§ GIVEN DATA:
------------------------------------
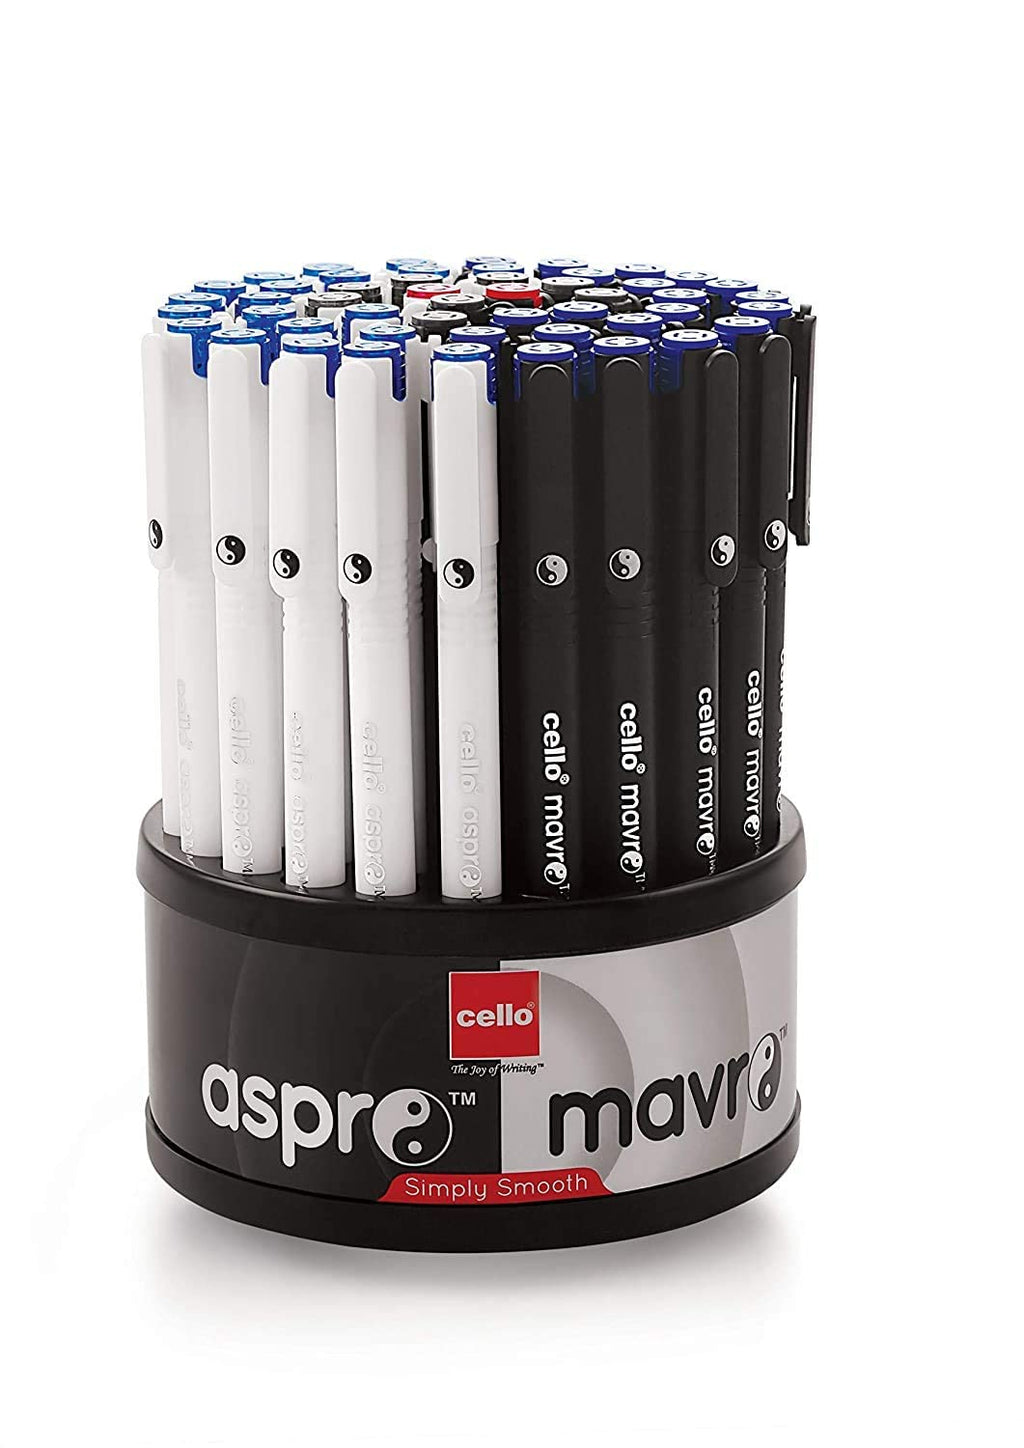 Cello Aspro and Mavro Black Ball Pen Bulk Pack of 850 Ball Pens with Stand
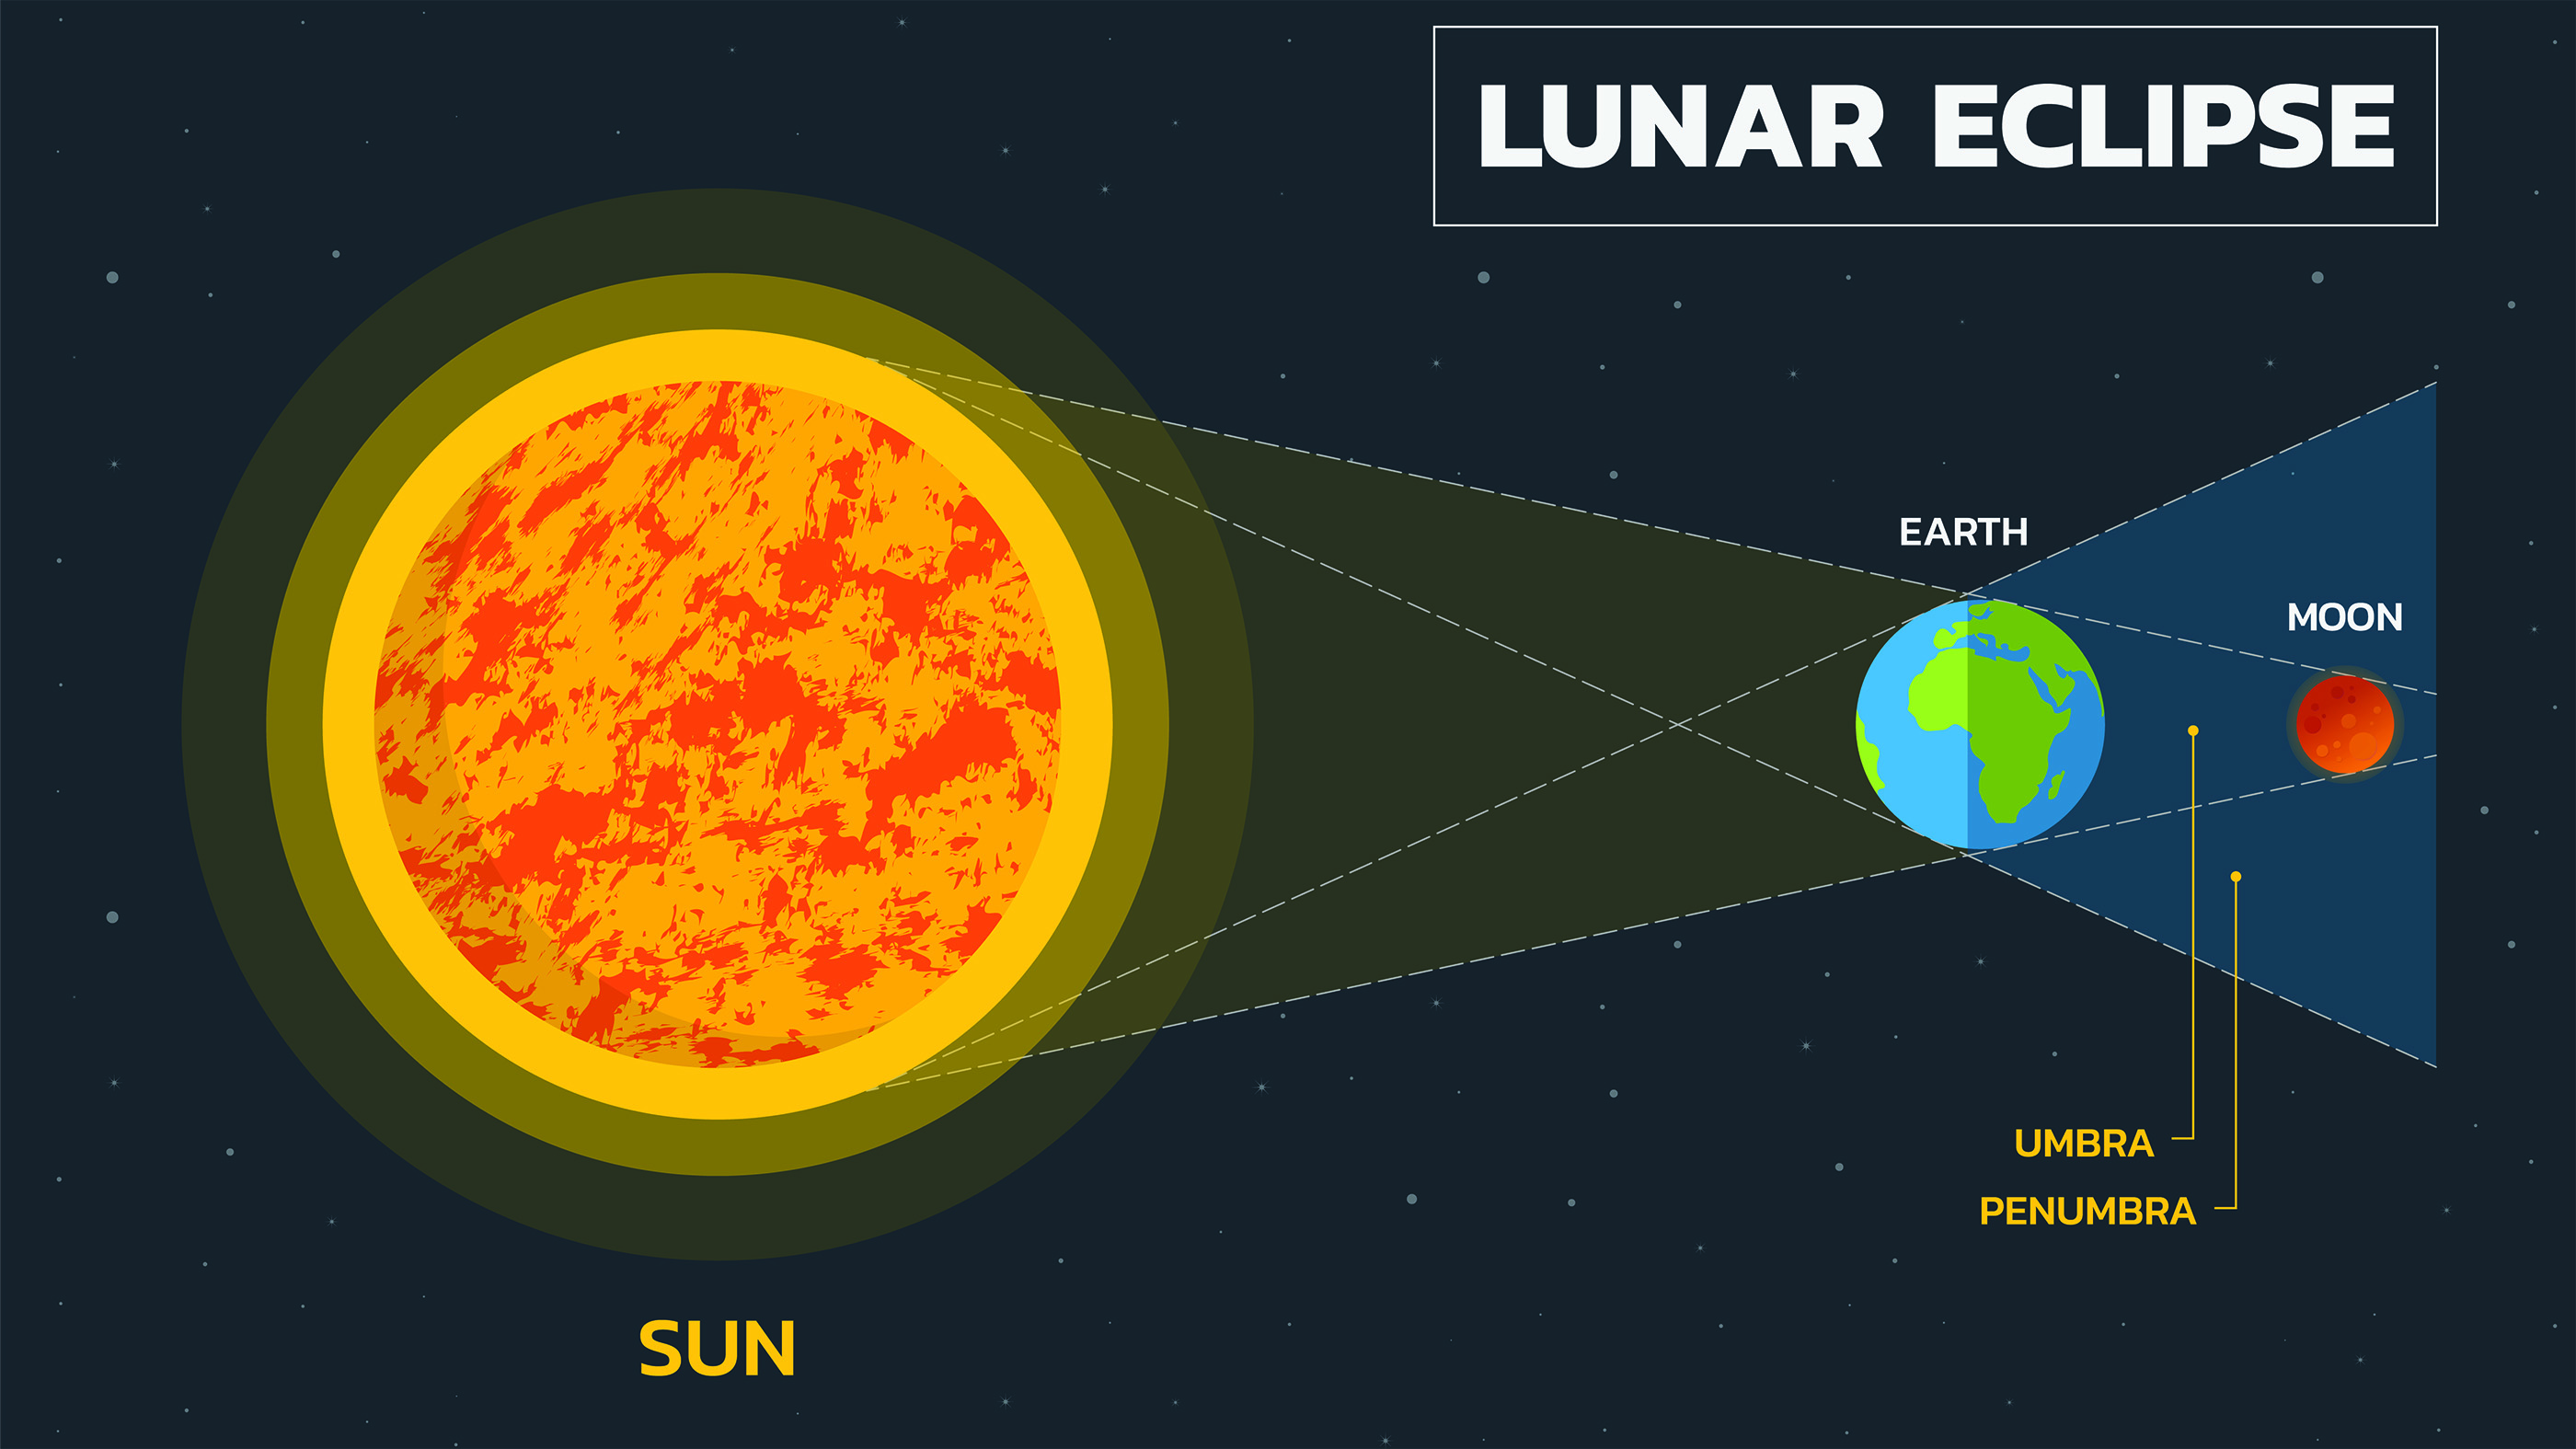 A lunar eclipse occurs when the sun, moon, and Earth are aligned in that exact order.
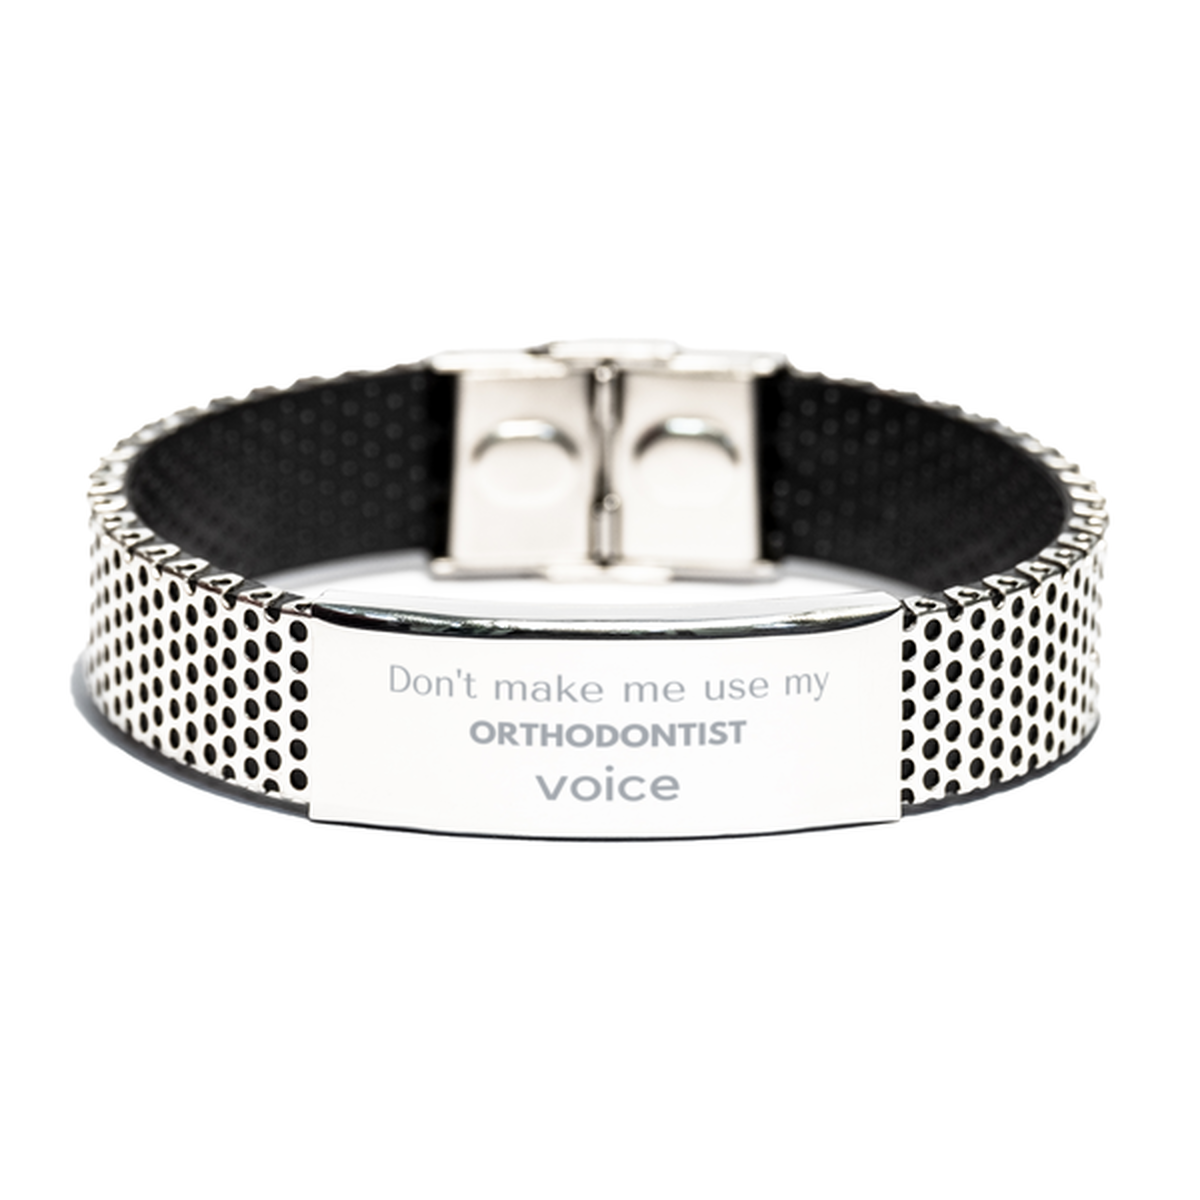 Don't make me use my Orthodontist voice, Sarcasm Orthodontist Gifts, Christmas Orthodontist Stainless Steel Bracelet Birthday Unique Gifts For Orthodontist Coworkers, Men, Women, Colleague, Friends
------------------------------------
§ TASK DIRECTIONS: Drop the pictures; repeat the listing above exactly.

§ SOLUTION BELOW:
 Cello Aspro and Mavro Black Ball Pen Bulk Pack of 850 Ball Pens with Stand
 A lunar eclipse occurs when the sun, moon, and Earth are aligned in that exact order.
 Don't make me use my Orthodontist voice, Sarcasm Orthodontist Gifts, Christmas Orthodontist Stainless Steel Bracelet Birthday Unique Gifts For Orthodontist Coworkers, Men, Women, Colleague, Friends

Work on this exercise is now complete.